We have a 7 hour time difference. She works during the day but I don’t. I stay awake until 6am to talk to her because she seems sad when I leave but when it comes to her, she sleeps her time at 10 pm, like lol? Should I cut the shit and leave her? Because I am tired of putting much more but always end up heartbroken.


Dear Yoursin,

We each contribute what we can to our relationships dependent in part on where we are in our lives. For you, right now, that would be flexibility. You can be flexible with your schedule because you don’t have to get up in the morning and earn a living. Why you would leave her because she’s being a responsible adult, going to bed at a decent time to support her health and ability to be a decent employee is beyond me.

Putting effort into a relationship goes well and truly beyond staying up late. With that said, if the pattern you have established for communicating isn’t working for you, you need to actually communicate that with your partner. Don’t just jump right on over to “I’ll dump her” because if that’s your solution to even minor problems you’re never going to have a successful relationship. Tell her the all-nighters are too much for you, and see if you can find a manageable time for you to communicate. Perhaps she can get up earlier and talk to you before work, or maybe the solution is talking less. You can get too much of a good thing. Perhaps putting your time towards getting an occupation yourself would engender understanding and compassion within you; you’d soon see why she needs to sleep on worknights.

If it’s broken, fix it, don’t chuck it out.

Dear Miss U,

I’m Alyssa. I was living in PA.. That’s where I met my boyfriend Domingo. Mr. Sunday lol.
We have been together for 9 months now, almost getting to a year. I moved to Florida with my family for personal family issues and to get my life together for my career as well. Domingo is a father of one. Has never been married. He does have baggage but no drama. He makes me happy and is willing to work out a long distance relationship so he can think about moving up here and building a home for me and him, and maybe later on, including his son. I’m very young but I love him. Do you think it’s best to keep it that way and work around our relationship and take it day by day? Or walkaway as fast as I can? HELP!!!!!


Hi Alyssa,

Why would you run away? Is he disrespectful? Does he hurt you? Belittle you? Put you or your family down? Does he make you unhappy? Is he lazy? Does he trash-talk his son’s mother or use his son as a pawn in sadistic games with his ex? Is he a drug addict? Gambler? Is he in debt up to his eyebrows, living in his momma’s basement, playing video games all day and smoking weed? No? Then why would you leave him?

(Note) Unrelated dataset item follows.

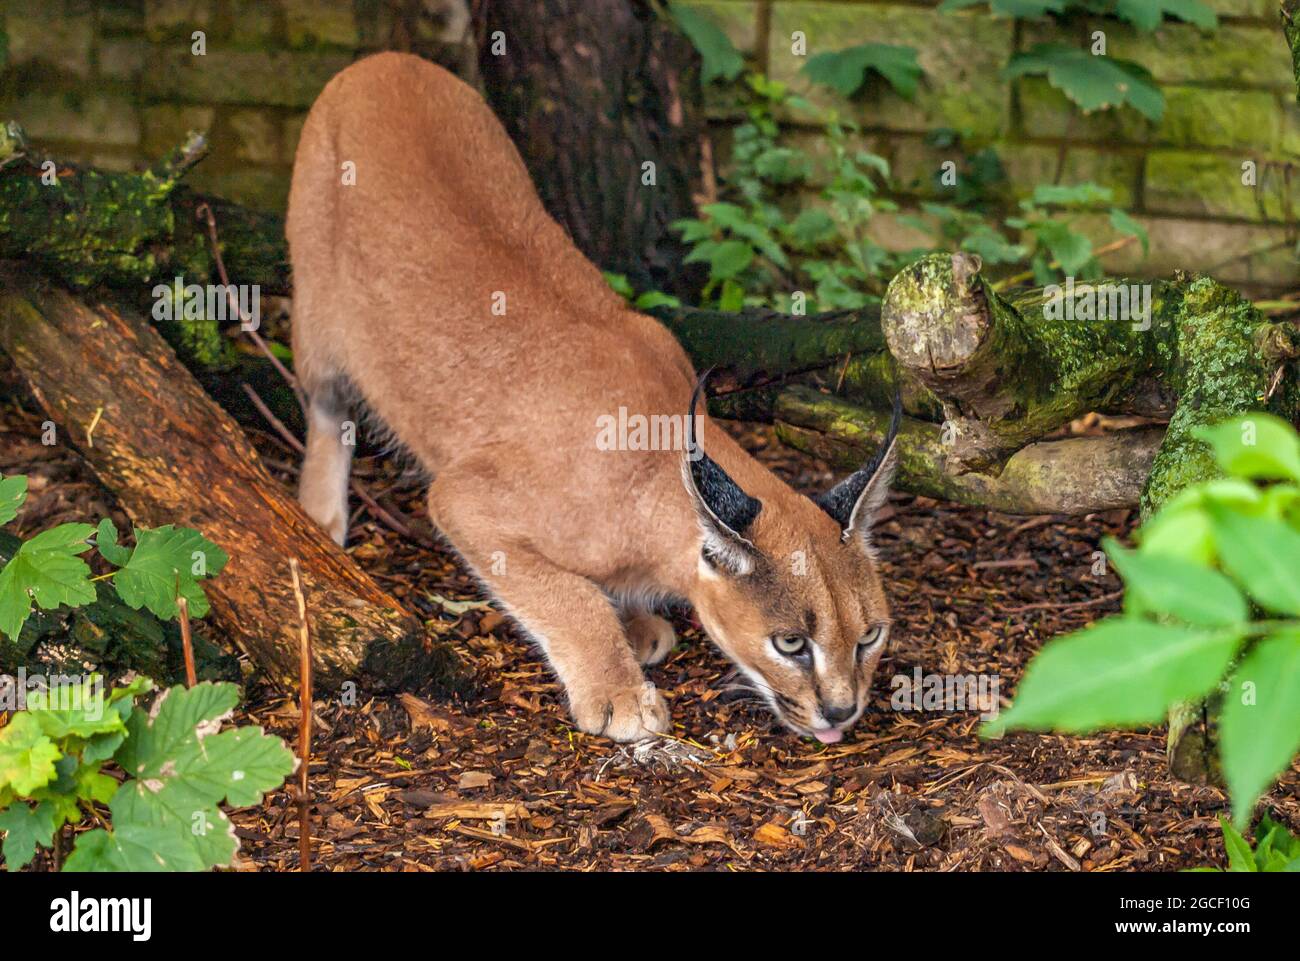 The caracal (Caracal caracal) is a medium-sized wild cat native to Africa, the Middle East, Central Asia and India. Stock Photo

Listen, we all have flaws. We all have a past. There’s always something other people may consider to be less than ideal about a relationship with us. For example, I might be considered a not-ideal partner because I have mental health problems. When it rains for more than a couple of days I become very high maintenance and some men wouldn’t be cool with that. I bet there’s something not ideal about you or your situation, and about all of us. It makes us interesting.

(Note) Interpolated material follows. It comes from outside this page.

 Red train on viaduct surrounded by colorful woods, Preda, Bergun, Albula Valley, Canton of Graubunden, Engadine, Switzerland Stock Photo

So what if he has a son? That’s great, particularly if you’re going to want to have kids down the track because you get to see if this guy is someone you would want to raise a family with. You can see firsthand how he prioritizes his kid, what ethics he teaches, how he disciplines; all sorts of things that some other couples kind of just have to hope for the best with. You also get to see what kind of person he will be, Gods forbid, if it doesn’t work out between the two of you. Is he always trying to get out of paying child support? Or does he gladly do all he can for his kid? Does he slander his ex all over Facebook or responsibly co-parent with her?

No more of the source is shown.